The biggest downwelling region had been north of Iceland and east of Greenland, but the PI explained that all that region was not equally involved. Currents branching from the great current had flowed north and east almost to the coast of Norway, then turned left toward Greenland in very predictable currents, slowing and then swirling down in giant whirlpools that were thirty or fifty kilometers wide, but only three or four centimeters deep. These whirlpools were visible only to satellite laser altimetry, where false-color graphing could make them psychedelically obvious. They had been relatively stable in location, presumably constrained by the sea bottom, the nearest coastline configurations, the force of the currents, and the Coriolis force.
They were small areas compared to the total surface of the ocean, so that the idea of restarting the current did not seem immediately impossible; but as the PI pointed out, one could not restart the circulation merely by increasing density at the old downwelling sites in isolation, separated from the thrust of the Gulf Stream by some hundreds of kilometers of stalled and unusually fresh water.

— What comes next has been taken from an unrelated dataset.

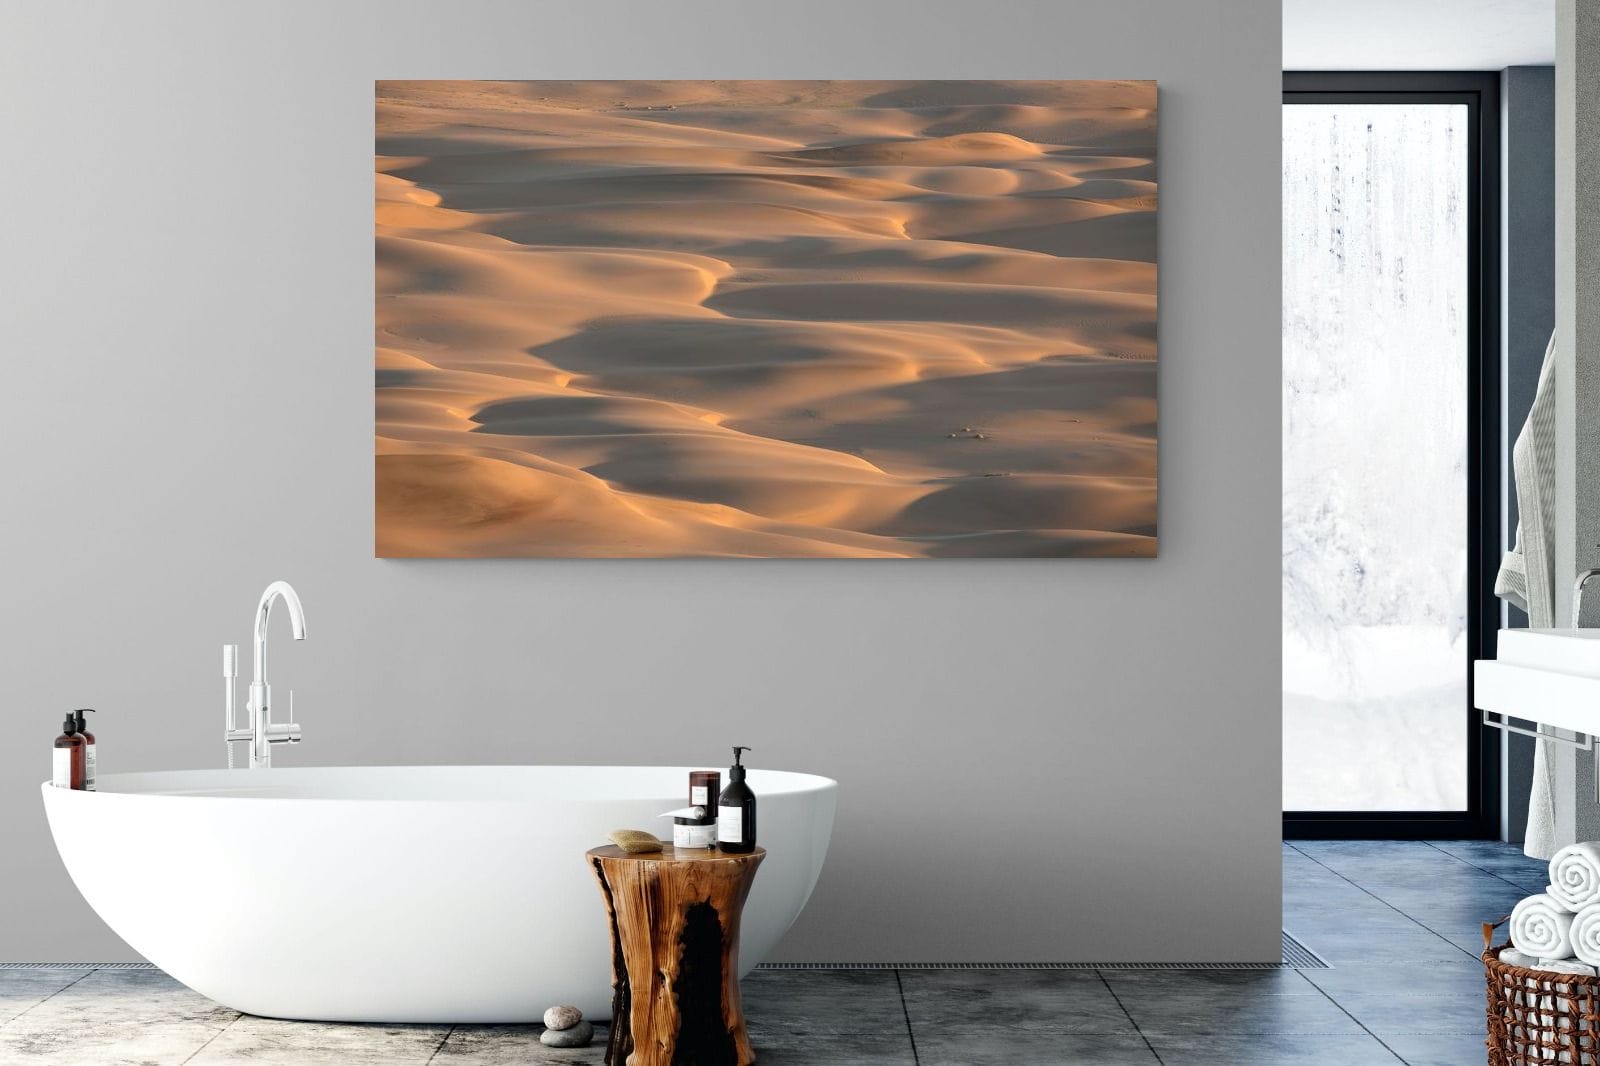 Sand dunes against sky For sale as Framed Prints, Photos, Wall Art

It would be necessary to draw the full momentum of the Gulf Stream back up to the old sites again, by causing surface water to sink just north of the current downwelling sites, then continue the process, in Pied Piper fashion, until they had drawn the Gulf Stream up behind them and could dump as much as needed in the old downwelling locations. This was the only method that the NOAA team could think of to renew the flow; but it added greatly to the amount of water that they had to make sink. To “isopycnalate,” as Edgardo called it.